Wish I had an answer for you but was wondering the same thing. I am wanting to convert my rapidos over to microtrain coupler and truck sets but not sure whether to order the medium or the short couplers. Most of my rolling stock are shorter cars due to the small layout size and my track radius is 11" and 9 3/4". Hoping someome reading this can chime in. Thanks


----------



## powersteamguy1790 (Mar 26, 2012)

airshot said:


> Wish I had an answer for you but was wondering the same thing. I am wanting to convert my rapidos over to microtrain coupler and truck sets but not sure whether to order the medium or the short couplers. Most of my rolling stock are shorter cars due to the small layout size and my track radius is 11" and 9 3/4". Hoping someome reading this can chime in. Thanks


MT short shanked couplers will work for you. You can also body mount MT Z scale #905 couplers on your rolling stock.


----------



## adaboy (Apr 24, 2014)

Thanks.

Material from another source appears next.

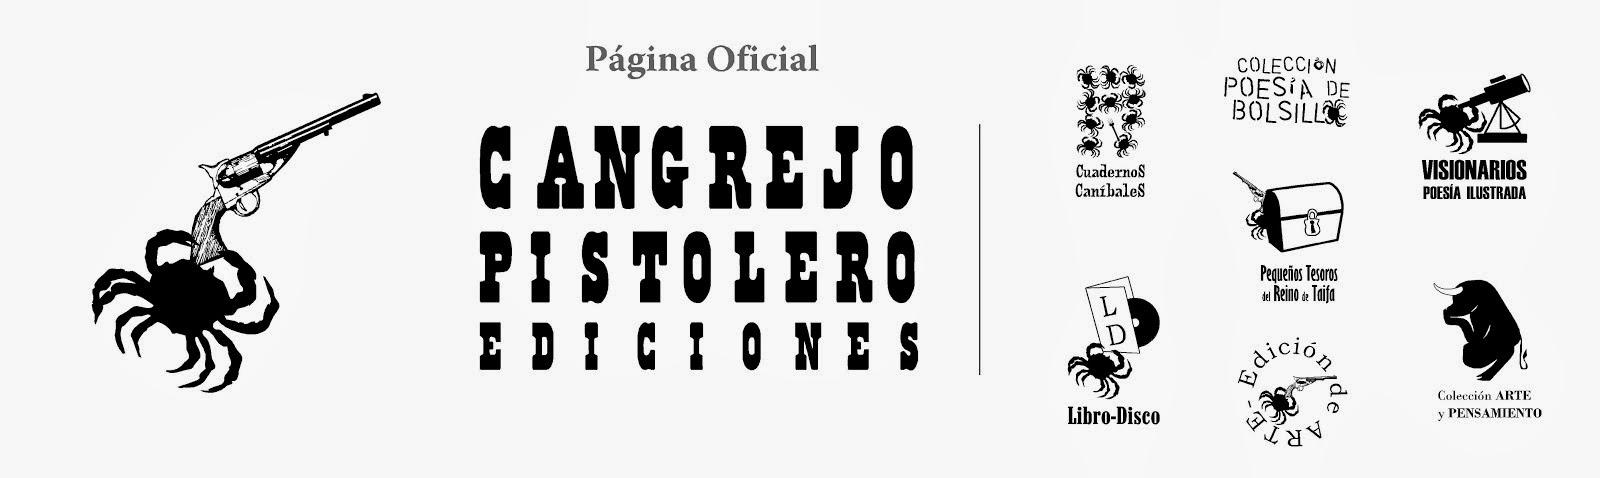 Cangrejo Pistolero Ediciones
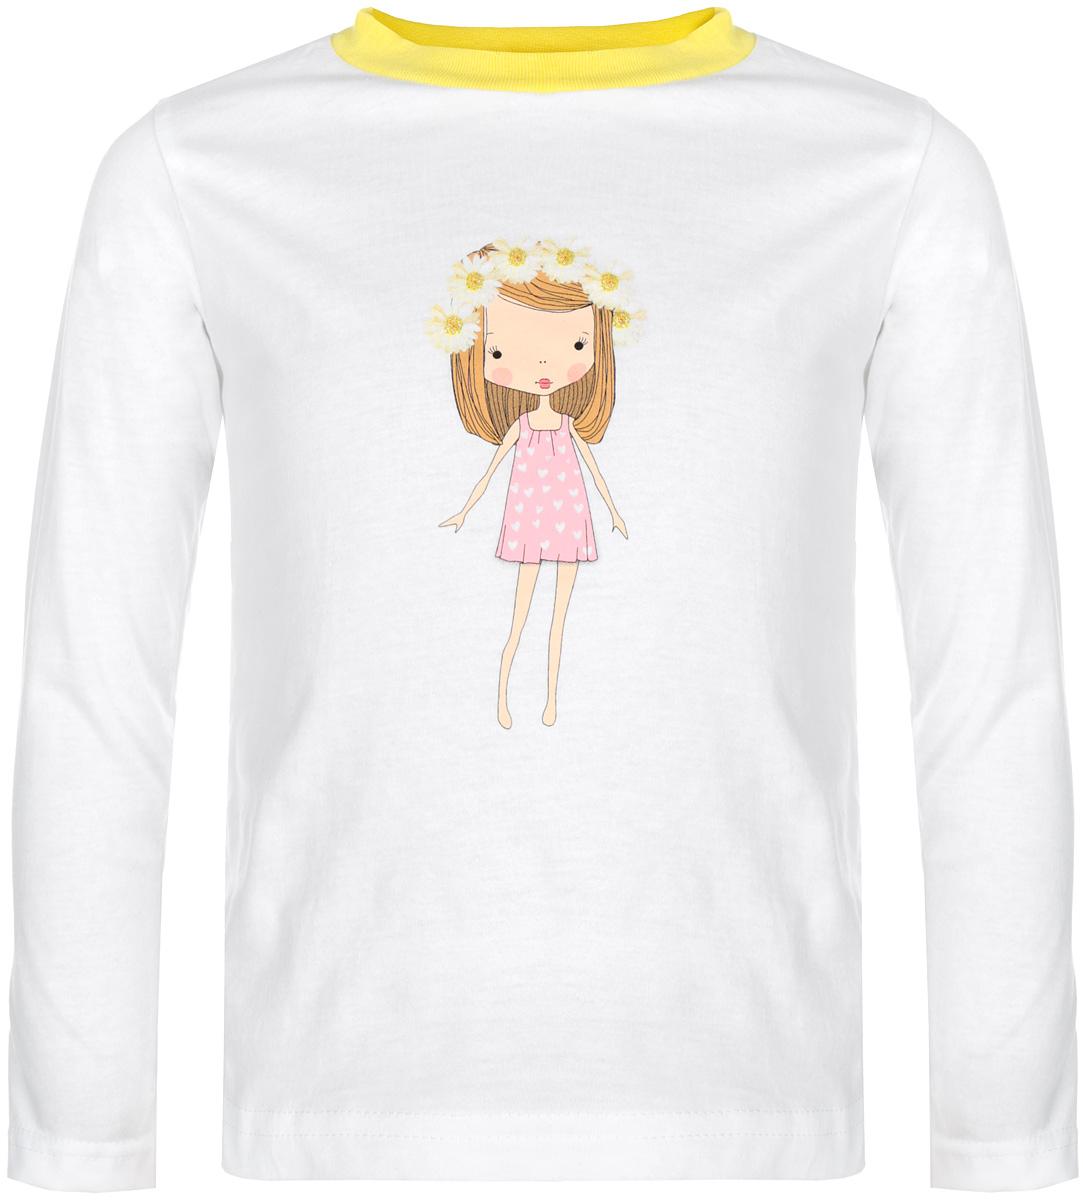 15562Стильная футболка с длинным рукавом для девочки КотМарКот идеально подойдет вашей моднице. Изготовленная из натурального хлопка, она мягкая и приятная на ощупь, не сковывает движения и позволяет коже дышать, не раздражает даже самую нежную и чувствительную кожу ребенка, обеспечивая наибольший комфорт. Футболка прямого кроя с длинными рукавами и круглым вырезом горловины оформлена изображением очаровательной девочки с венком на голове, украшена блестками. Вырез горловины дополнен трикотажной эластичной резинкой. Современный дизайн и модная расцветка делают эту футболку стильным предметом детского гардероба. В ней ваша принцесса будет чувствовать себя уютно и комфортно, и всегда будет в центре внимания!

I would still like to find out the dimensions of the different coupler lengths. For future reference.


----------



## airshot (Jan 12, 2014)

I did stumble across the dimensions for the M/T couplers on their website, I am not quite computer savy enough to add the site to this message, but if you go to the website they have a pic of all their couplers and the dimensions in metric and sae dimensions.


----------



## adaboy (Apr 24, 2014)

Thanks Airshot I'll give MT a try.


----------



## MRLdave (Nov 1, 2011)

Here's the coupler diagram list.......http://www.micro-trains.com/Coupler diagrams.pdf


----------



## adaboy (Apr 24, 2014)

Lots of dimensions but none show length of coupler


----------



## airshot (Jan 12, 2014)

Just backfigure the math, they show you the length to the mounting point, scale yours and do the math.


----------



## adaboy (Apr 24, 2014)

*Couplers*

Thanks Airshot that clears up my question.


----------